The HTSeq part makes sense; that it's not reporting anything if 0% of reads aligned. Can you try to rerun HISAT2 with the most basic parameters? e.g. something like this to start:
hisat2 -p $threads -x $genome_index_prefix -q -1 $pe_1 -2 $pe_2 -S out.sam
If that works, I would try adding your other parameters one by one (
--dta
, then read groups, platform etc.) and see what causes the issue.Hi manuel.belmadani, Thank you for your reply.

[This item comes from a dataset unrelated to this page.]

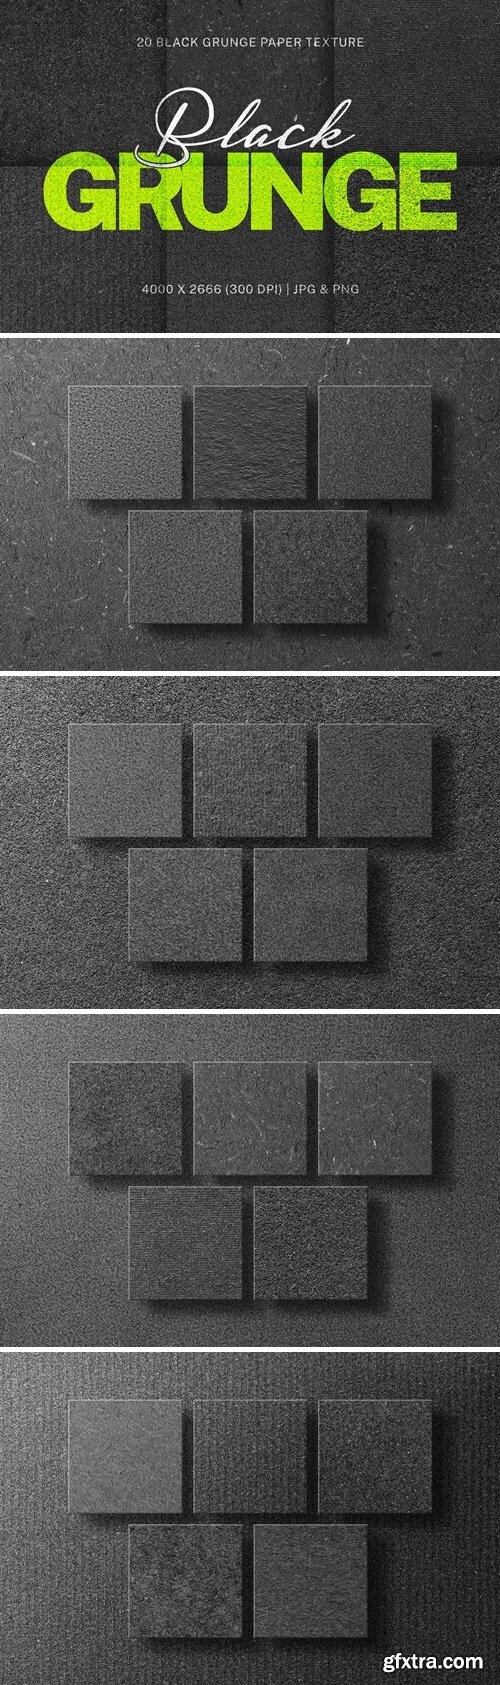 Black Grunge Paper Texture WKJPNL6

I did as what you said to delete all other parameters and rerun the program. The result is totally same.
hisat2 -p $threads -x $genome_index_prefix -q -1 $pe_1 -2 $pe_2 -S out.sam
samtools view -h -bS out.sam | samtools sort -m 2G -@ $threads -T $sample -n -o $output_bam
The output of Sam is here:
@HD VN:1.0 SO:coordinate @SQ SN:0 LN:33 @PG ID:hisat2 PN:hisat2
VN:2.1.0 CL:"/sw/eb/software/HISAT2/2.1.0-intel-2017A-Python-2.7.12/bin/hisat2-align-s --wrapper basic-0 -p 20 -x /scratch/user/guotingfeng/RNAseq/genomereference/genomereference -q -S out.sam -1 /tmp/2611.inpipe1 -2 /tmp/2611.inpipe2"
K00333:90:H3TMTBBXY:2:1101:20070:1947 77 * 0 0 * * 0 0 CCTGTGTAATCTGCCCGCGGGCGGGTCATCCGGAGATTGTTAAACTGCTCAAGAATATTAAAGAAGCAGGCTGAC YT:Z:UP
K00333:90:H3TMTBBXY:2:1101:20070:1947 141 * 0 0 * * 0 0 NGCATTACTGAATAAATCGGTGATGTTAAAGGGACTCTTCACGTAGGAACTTATAAAAGGGTAAGTACAATTTTG YT:Z:UP
Report is still same,
25854795 reads; of these:
25854795 (100.00%) were paired; of these:
I found SN:0 in the Sam file, is that normal? Does it mean there is some problem for my genome reference data or index file? How can I check that? Thank you very much. Have a good night.